# Solved: VBA Excel; Data transfer between 2 different open Apps



## balloon_tom (Jan 5, 2006)

I have 2 Excel workbooks open at the same time, each within their own separate applications. Each was started using the following 2 shortcuts:

"C:\Program Files\Microsoft Office\OFFICE11\EXCEL.EXE" C:\FltTools\Book1_.xls
and
"C:\Program Files\Microsoft Office\OFFICE11\EXCEL.EXE" C:\FltTools\Book2_.xls.

Assume that Book2 has been modified since it's last save
and
Book1, which is active, needs a copy of the modified worksheet from Book2.

First, I'll check to see if Book2 is open, and then if not, open it:

On Error Resume Next
Windows(C:\FltTools\book2_.xls).activate
If Err.Number>0 then Workbooks.Open (C:\FltTools\Book2_.xls)

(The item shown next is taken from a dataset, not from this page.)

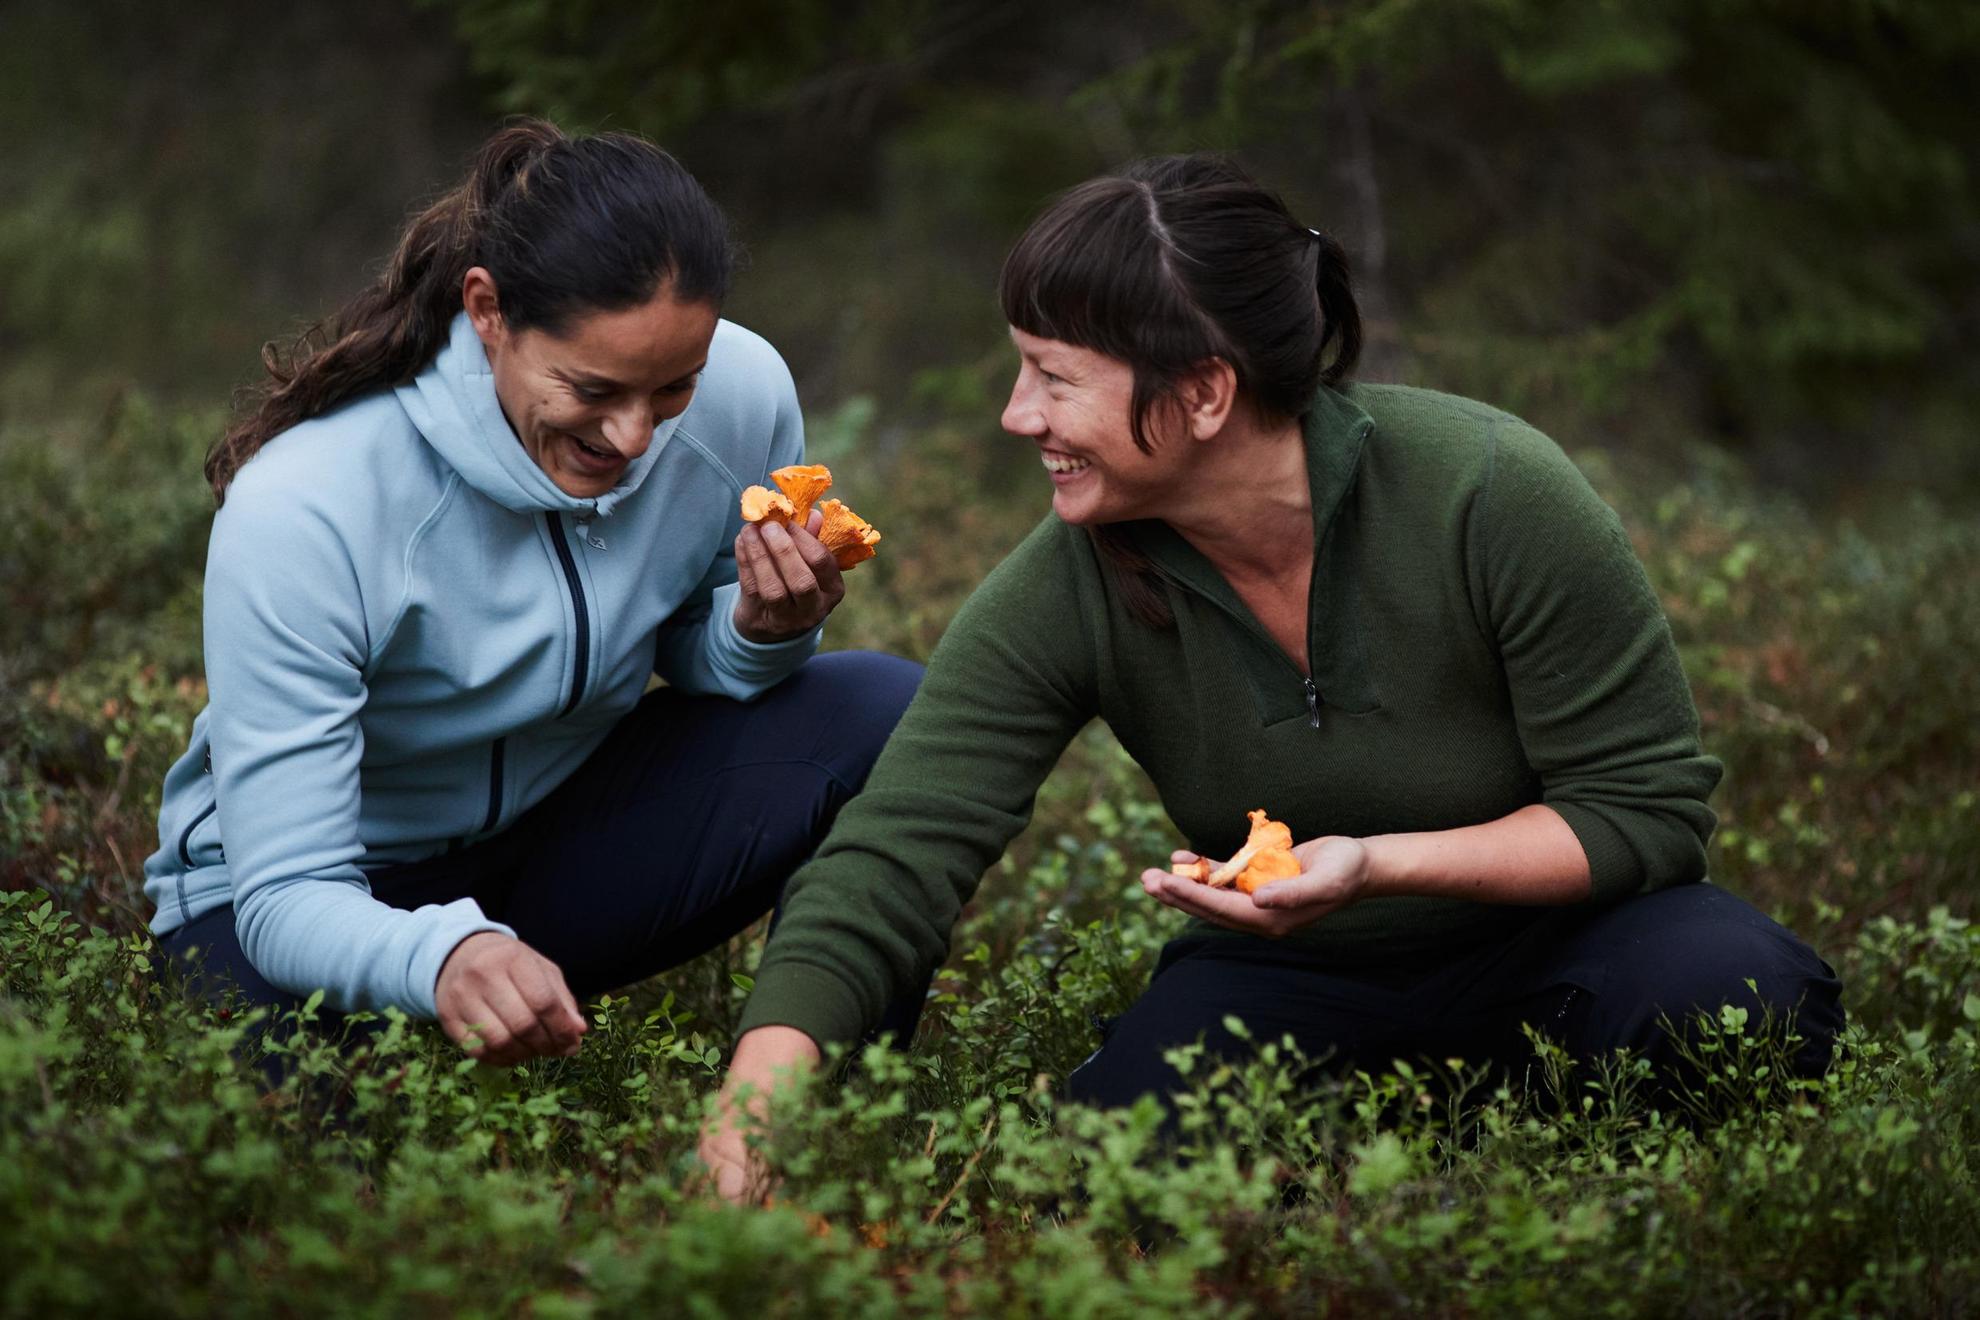 Deux femmes sont accroupies côte à côte dans la forêt en train de ramasser des champignons

PROBLEM: Book1's application is not seeing that Book2 is already open, most likely because it is in a different application. So, this code opens a new instance of the last saved version of Book2 into Book1's application, and is then copying the older unmodified worksheet.

QUESTION: How can I code one application to search for an open workbook within a different application?

Thank you, Tom


----------



## Chicon (Jul 29, 2004)

Hi balloon_tom,

You should detect first if the file is already used : Detecting an Open File.


----------



## balloon_tom (Jan 5, 2006)

Excellant, Chicon. This code does indeed check to see if the workbook is open anywhere in the computer and as you have said, this is step one.

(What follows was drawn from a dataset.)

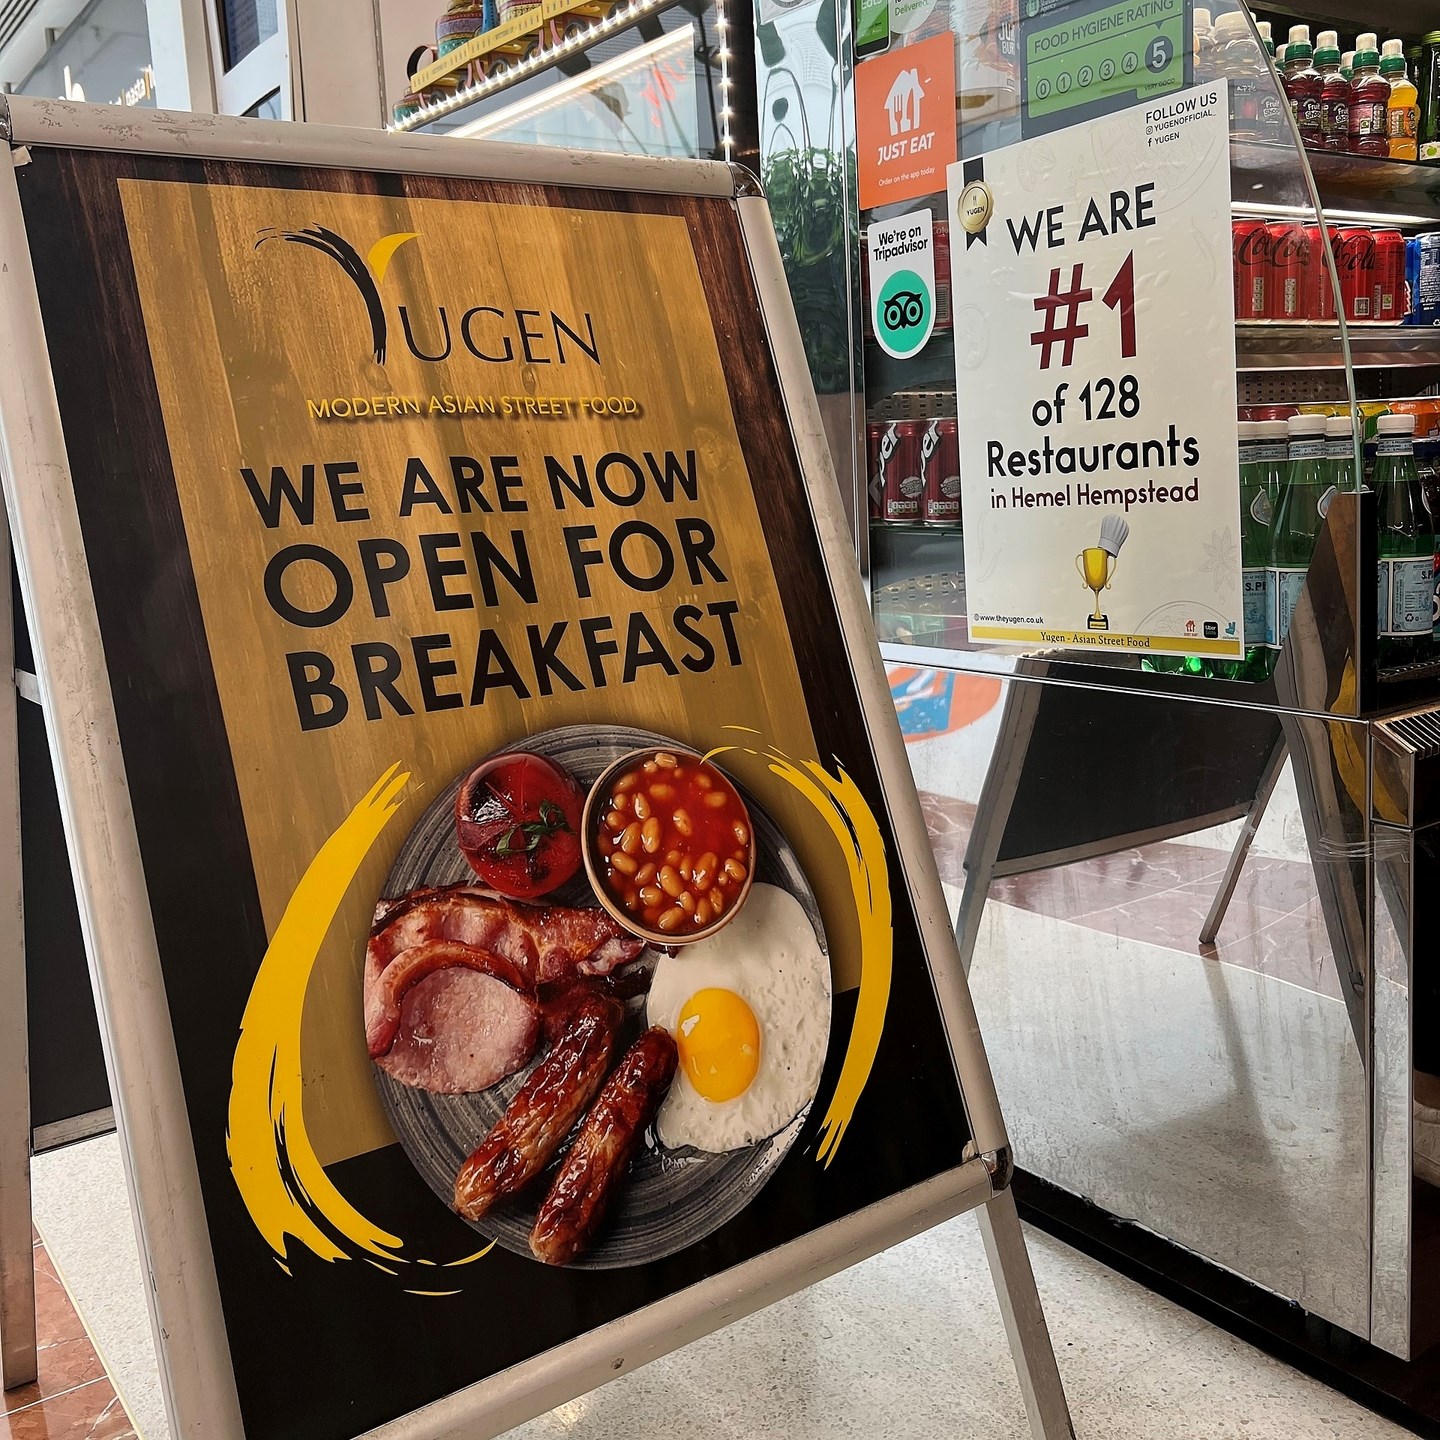 NEW Breakfast Menu at Yugen! 🥓🥐

I'm now up to the code below which properly detects the 3 possible conditions of Book2:

dName = "C:\FltTools\"
fName = "Book2_.xls"
On Error Resume Next
Windows(fName).Activate
If Err.Number > 0 Then
On Error GoTo 0
If Not IsFileAlreadyOpen(dName & fName) Then
Workbooks.Open (dName & fName)
Else
Windows(dName & fName).Activate 'this does not work
End If
End If

Condition1: Book2 is open and within the same application as Book1. In this case I can copy Book2 data into Book1. This works!

Condition2: Book2 is not open anywhere. In this case Book2 is then opened into the same app as Book1 and the data copy works!

Condition3: THIS ONE DOESN'T WORK. Book2 is open but in another application. This is my problem now. How do I (or is it even possible) to copy data from the already opened Book2? Windows(dName & fName).Activate returns Subscript out of range.

Tom


----------



## Chicon (Jul 29, 2004)

balloon_tom said:


> Condition3: THIS ONE DOESN'T WORK. Book2 is open but in another application. This is my problem now. How do I (or is it even possible) to copy data from the already opened Book2? Windows(dName & fName).Activate returns Subscript out of range.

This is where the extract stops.